Relative survival rate for anthropogenic infection after cross-over vaccine serotype

<5-4> Safety investigation of Sututika puffer vaccine

In this study, we investigated the effects of type II (strain 31) vaccine on the experimental flounder (21 g), which were inoculated with 10 ⁶ cells / fish (High), 10 ⁵ cells / fish (Medium) and 10 ⁴ cells / And its safety and pathological findings were confirmed. Glucose, ALT, AST and total protein concentrations were measured using an automatic hematology analyzer. Histological examinations were performed according to the commercial method after fixing the kidney, spleen, liver, and gill in neutral formalin.

The safety of Sututika vaccine was evaluated by biochemical features and histopathological examination after vaccination. The blood biochemical characteristics (AST, ALT, GLU, and TP) were not significantly different between the groups, and the concentration was considered to be safe for flounder (p> 0.05, Table 9).

Changes in hematological characteristics (Mean ± SD)

Histopathological examination after vaccination with scutica showed no difference in pathological histology of the liver, kidney, spleen and intestine of the vaccine or control, indicating that the scutica vaccine was safe for flounder (Fig. 5).
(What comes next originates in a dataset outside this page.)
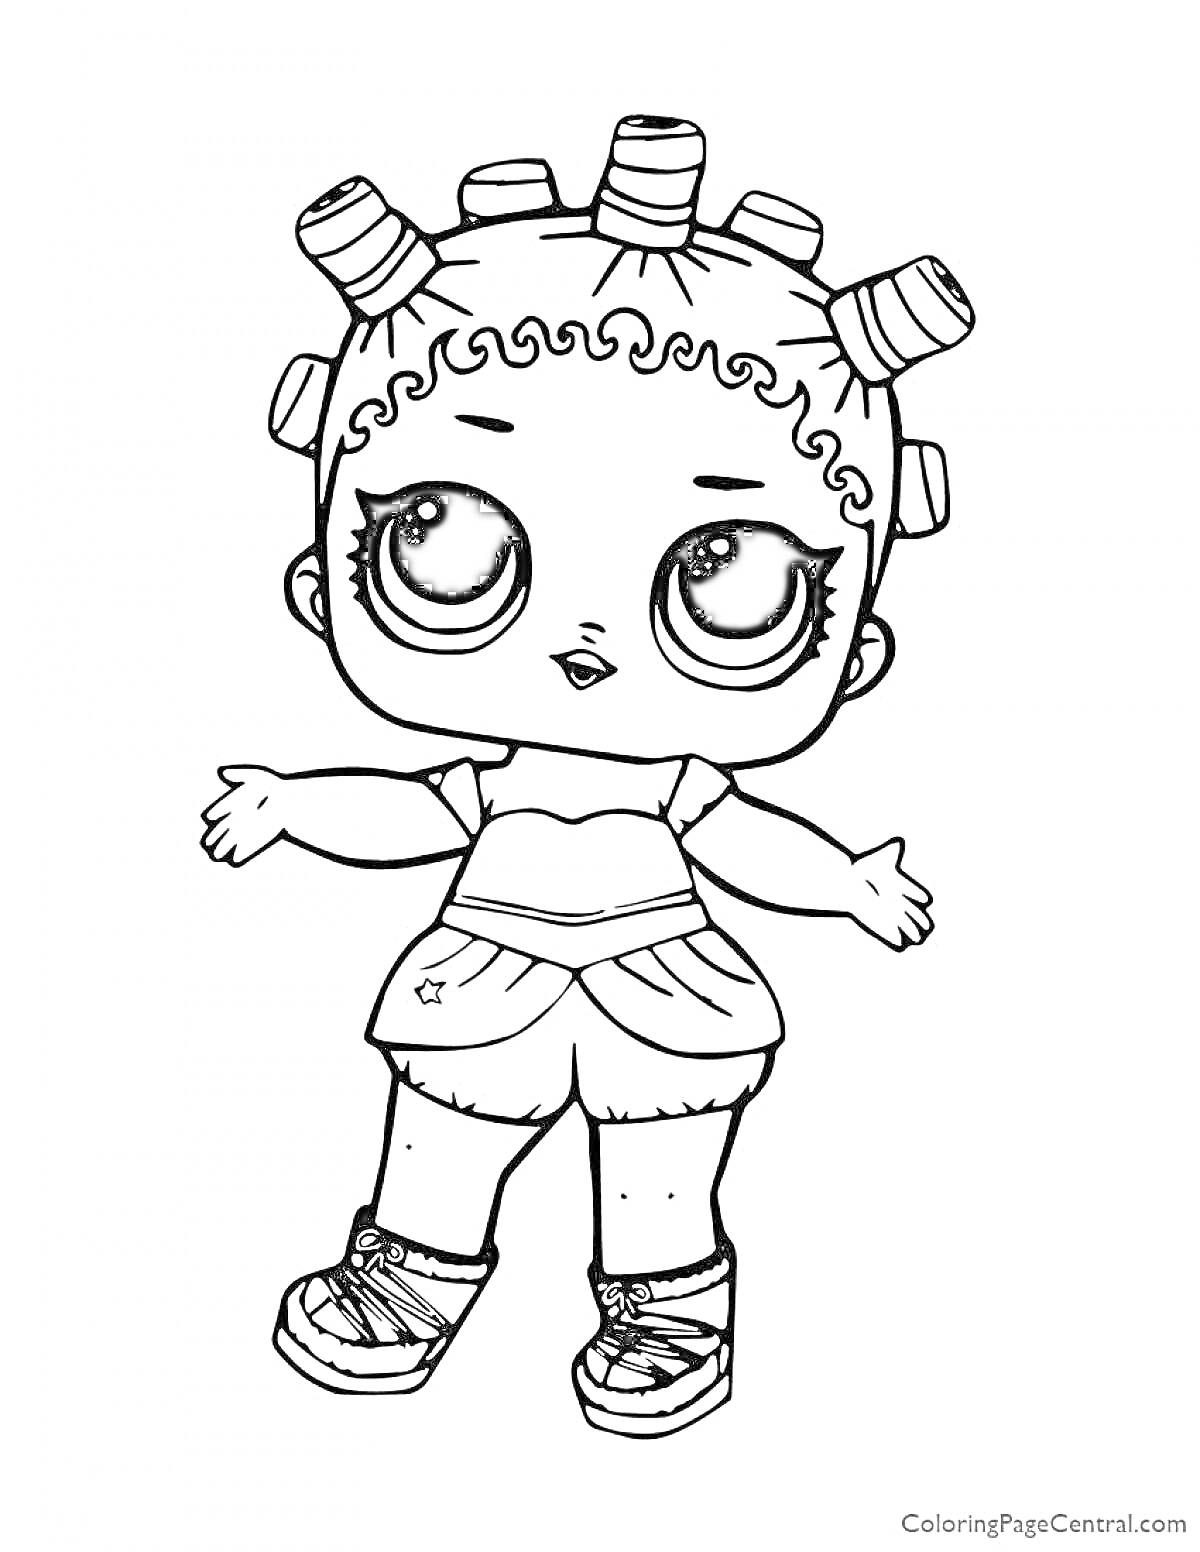 Раскраска Кукла ЛОЛ с завитками на голове, в юбке и майке, с открытыми руками

<Example 6> Effectiveness of adjuvant-added scuticacid vaccine

The efficacy and safety of adjuvant - containing vaccine were investigated for the enhancement of vaccine efficacy and duration. In this study, molecular adjuvant and compound adjuvant, which are immune genes of flounder,

<6-1> Preparation of Molecular Adjuvant

Cloning and recombinant protein production of halibut immune-related genes

TNF-α, G-CSF, IL-1β, and CD40 were selected as candidates for the olive flounder immune-related genes to produce molecular adjuvant from olive flounder. Information on these genes was obtained from the GenBank database of the National Center for Biotechnology Information The genes already registered were selected and used in this study (Table 10). To amplify the ORF of each gene, primers were prepared by adding EcoR I to 5 'and Xho I base to 3' (Table 11). The primers were amplified by PCR, and then the immune genes were extracted by gel extraction and cloned into pET 22b vector. After cloning, the mutation of each gene and amino acid sequence was confirmed by sequencing. The pET 22b vector inserted with each of the flounder immune genes was transformed into E. coli BL21 (DE3). IPTG (isopropyl-D-thiogalactoside) prepared at 0, 0.1, and 0.5 mM was added to transformed E. coli BL21 and cultured at 37 ° C for 4 hours to induce the expression of the recombinant protein of the flounder immune system.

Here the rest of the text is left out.